In a Hollywood producing groomed for glory stars such as LaBeouf and his Michael Bay championed ilk, the introduction to the big leagues of an odd looking British character actor who’s served his time through years of minor productions and supporting roles is encouraging. To put it simply, Tom Hardy is going to be huge.



  1. publicist

    5th October 2011 at 00:37

    Tom is not an ex-bisexual. Please, do your research carefully. You’re a journalism major, for christ sakes, have more pride in your profession to actually report accurate information

  2. Ross Jones-Morris

    5th October 2011 at 11:57

    Here’s the entire quote: “Of course I have. I’m an actor for f*ck’s sake. I’ve played with everything and everyone. I love the form and the physicality, but now that I’m in my thirties, it doesn’t do it for me. I’m done experimenting but there’s plenty of stuff in a relationship with another man, especially gay men, that I need in my life. A lot of gay men get my thing for shoes. I have definite feminine qualities and a lot of gay men are incredibly masculine. A lot of people say I seem masculine, but I don’t feel it. I feel intrinsically feminine. I’d love to be one of the boys but I always felt a bit on the outside. Maybe my masculine qualities come from overcompensating because I’m not one of the boys.”

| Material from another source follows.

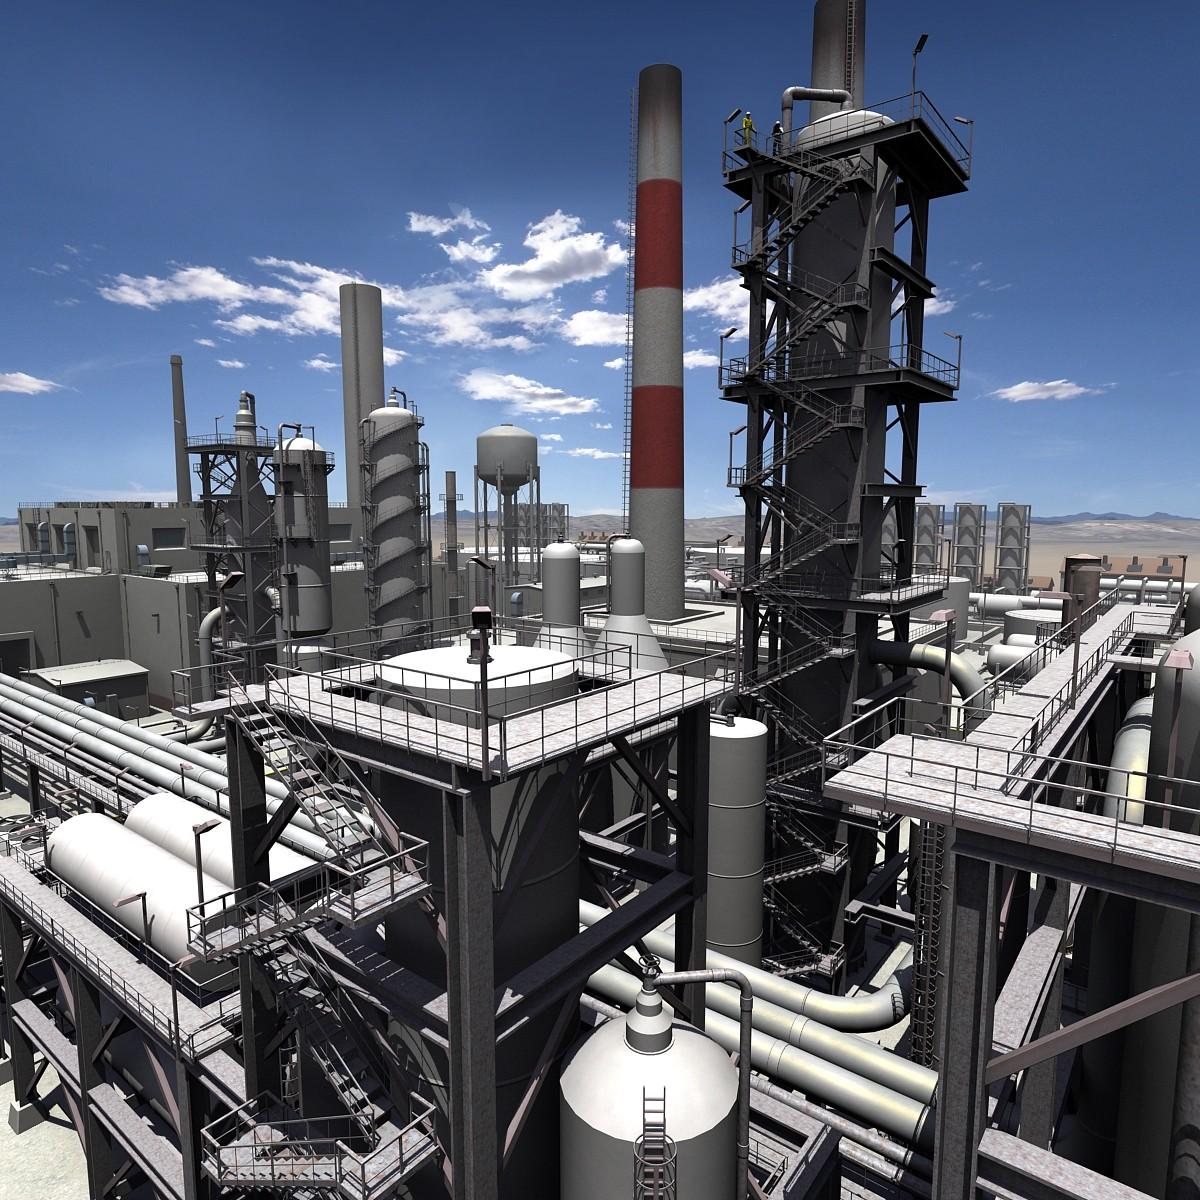 refinery1_01f_1200x1200.jpg

    What I took this as meaning is that physically men no longer ‘do it’ for him. Yes he does indeed still espouse the attractive qualities of certain gay men in relationships but it sounds to me like he has declared that he has moved on. I know the concept of being an ex anything sexual doesn’t really make sense due to the fluid nature of things but I did clarify ‘by his own definition’.

    Also no one who writes for the OxStu is a journalism major. We all write in our spare time whilst pursuing our degrees.